A few years ago I tuned into This American Life, the radio show and hugely popular podcast hosted by Ira Glass. Just as I turned it on, I heard Glass conclude a story this way:
“If listening is all it takes to overcome bad behavior… If listening is more powerful than meanness, sloth, or depression… It’s like a trick from a children’s story, a golden rule kind of lesson that seems way too after-school-special to possibly be true. But by listening to each other, trying to understand each other, we can get to the point where no one can ruin things for everyone else.”
What?! Having studied and taught the power of listening for years, I had to know the rest of the story. After some digging I found the episode (if you’re interested in listening, it’s the first 12 minutes). In it Glass interviews Will Felps, now a Senior Lecturer in the Business School at the University of New South Wales. Glass was interviewing Felps for a show whose theme was “ruining it for the rest of us.”

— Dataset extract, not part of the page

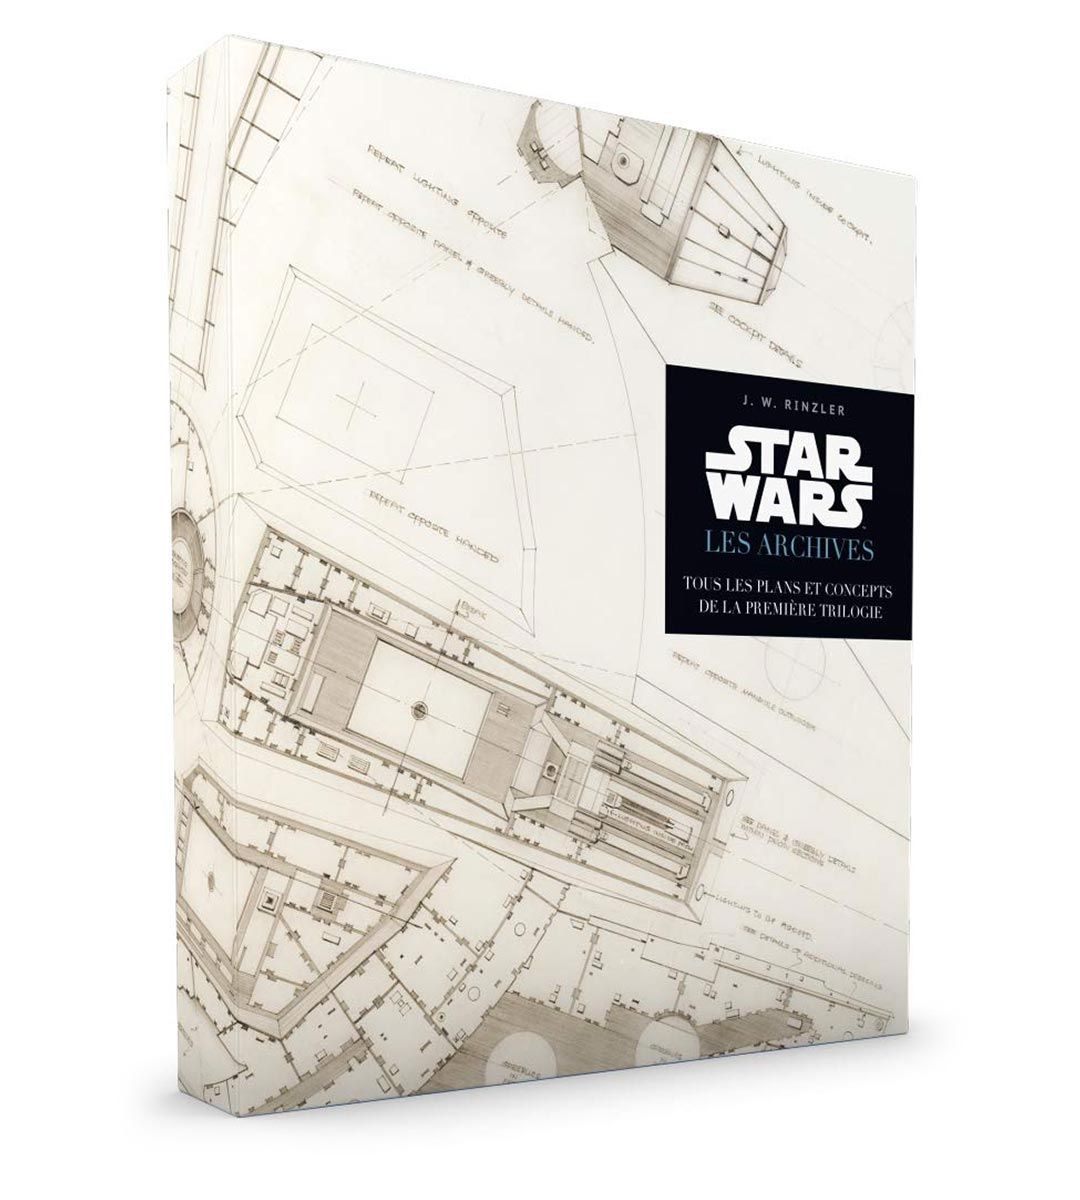 Star Wars: Archivos, todos los planes y conceptos de la primera trilogía

Felps’ contribution to the show was some research that determined the effect one “bad apple” has on a team’s productivity. He hired an actor to play different roles on teams comprised of college students. On one team, the actor was a “jerk,” who insulted others. On a second team, the actor was a “slacker” who did as little as possible. On a third team, the actor was a “depressive pessimist” who complained and projected team failure.
What Felps found was that in almost every case, the actor’s negative behavior affected the team members’ behavior. They became more like him. In this study, laziness begat laziness; meanness begat meanness; pessimism begat pessimism. As you might expect, this hurt team results. Productivity on teams with the actor was 30 to 40 percent lower than that of the teams without the bad apple. To top it off, Felps discovered something else: it turns out that the best predictor of team performance is not how the best person performs… the best predictor is how the worst person on the team performs.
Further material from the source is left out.